The Armstrong strain of lymphocytic choriomeningitis virus (LCMV) is a well characterized system for studying acute T-cell responses and naïve T-cell differentiation (31). In a recently published study, it was demonstrated that exposure to anti-PD-L1 during early T-cell differentiation to an acute Armstrong infection impacts T-cell effector function (32). The authors showed that the acute T-cell response is inhibited by endogenous PD-1 activity, but that anti-PD-L1 during initial T-cell activation increases granzyme B expression in virus-specific CD8 T-cells, resulting in faster clearance of infection (32). While the role of PD-1 in mediating CD8 T-cell reinvigoration in chronic infection is well established (33), this finding supports previous reports by Barber et al. that showed in acute infection of PD-L1−/− mice with LCMV resulted in a heightened CD8 T-cell response. Furthermore, both found the CD8 T-cell response was also improved in chronic infection characterized by T-cell exhaustion (6). Together, these data support close sequencing of RT and checkpoint blockade as late administration of anti-PD-L1 reinvigorates exhausted T-cells without the added benefit of influencing initial T-cell activation and differentiation. Data to directly support these findings in a tumor model combining RT and checkpoint blockade is still lacking.

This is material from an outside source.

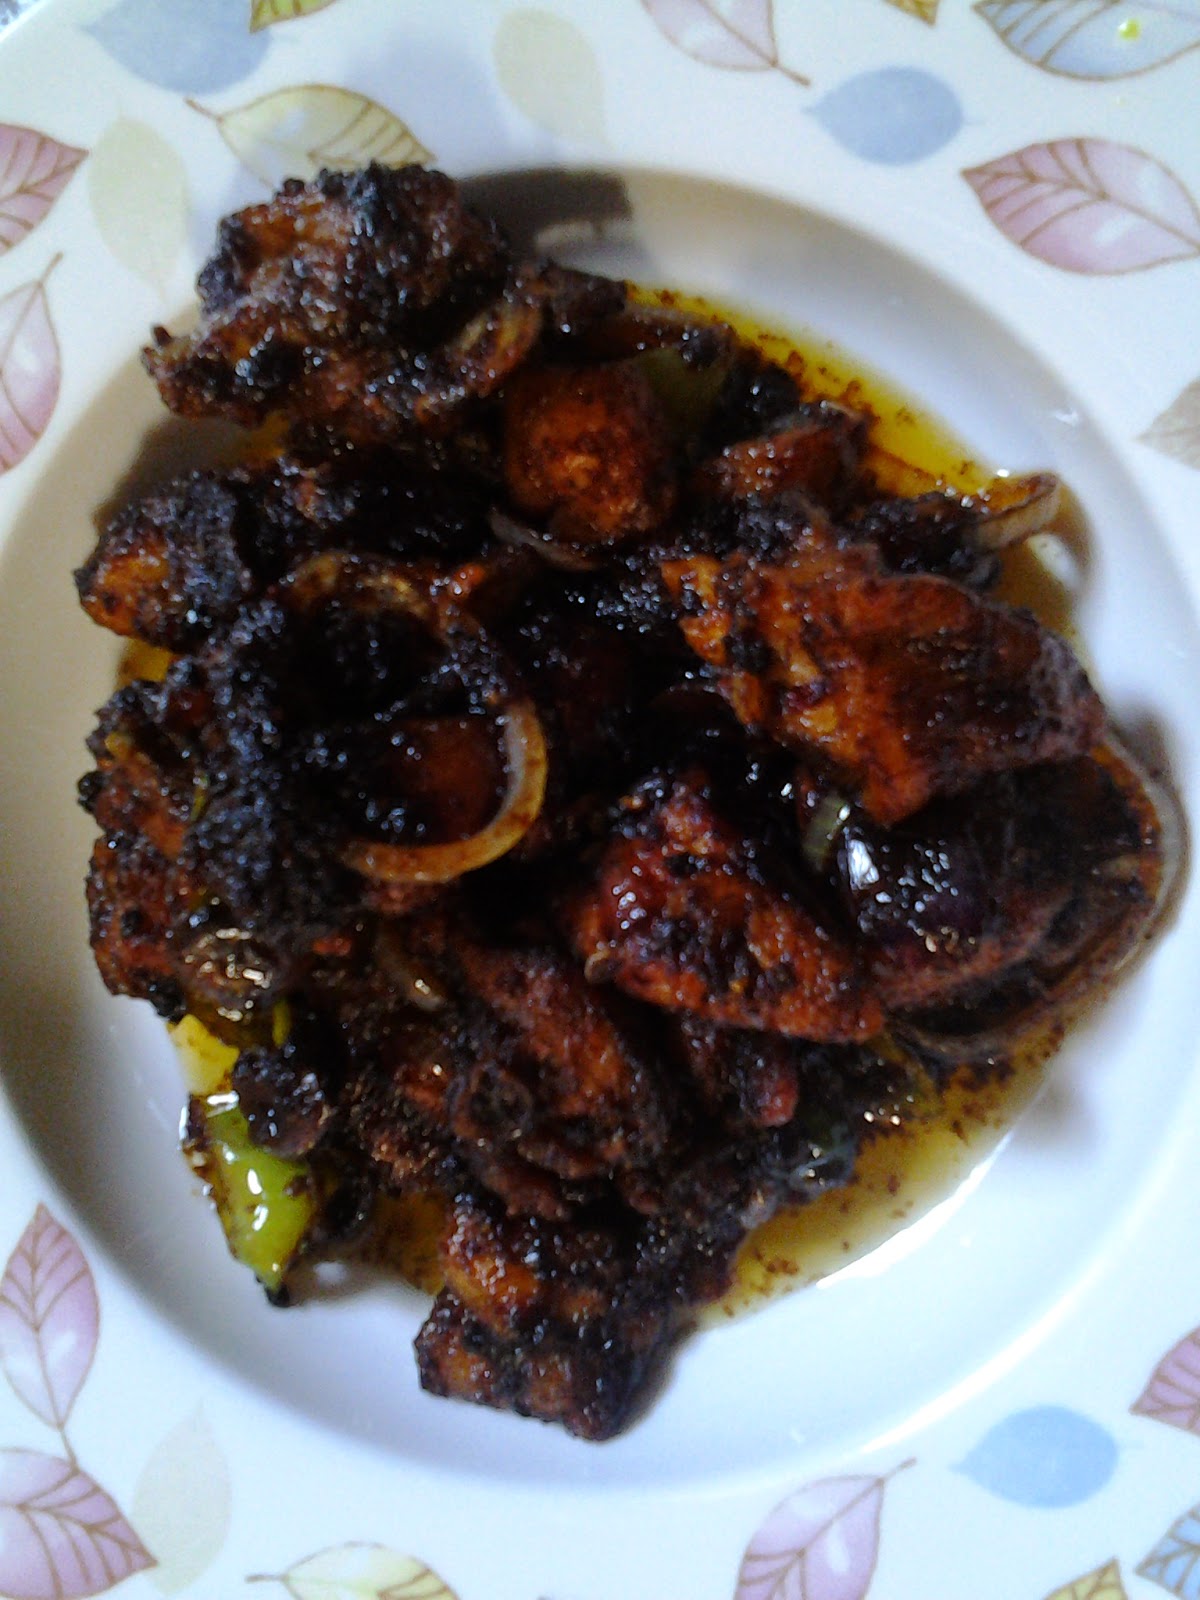 Resepi mudah: ayam masak kicap lada hitam

The kinetics of T-cell tumor infiltration following RT also helps inform the sequencing and timing of anti-PD-1/L1 administration. Following tumor irradiation with 12 Gy on 2 consecutive days, it was shown that overall leukocyte and CD8 T-cell frequencies peak at 5 days post-RT and then gradually decline to pre-RT levels (34). Five-days post-RT also reflects the highest effector to Treg ratio suggesting an ideal time point for checkpoint blockade. These data further support RT dosing with hypofractionation in a limited number of fractions as additional fractions may ablate recently infiltrated lymphocytes. The work by Frey et al. reinforce these findings (35). They showed that following 5 Gy × 2 fractions, CD8 T-cells peak at day 8 and decline significantly by day 9 while Treg have a bimodal peak on days 8 and 10 (35). Together these studies suggest that while the exact T-cell tumor infiltration kinetics may vary depending on the murine model and RT dose, close sequencing of checkpoint blockade following RT should be the goal to take advantage of the peak in tumor effector CD8 T-cells.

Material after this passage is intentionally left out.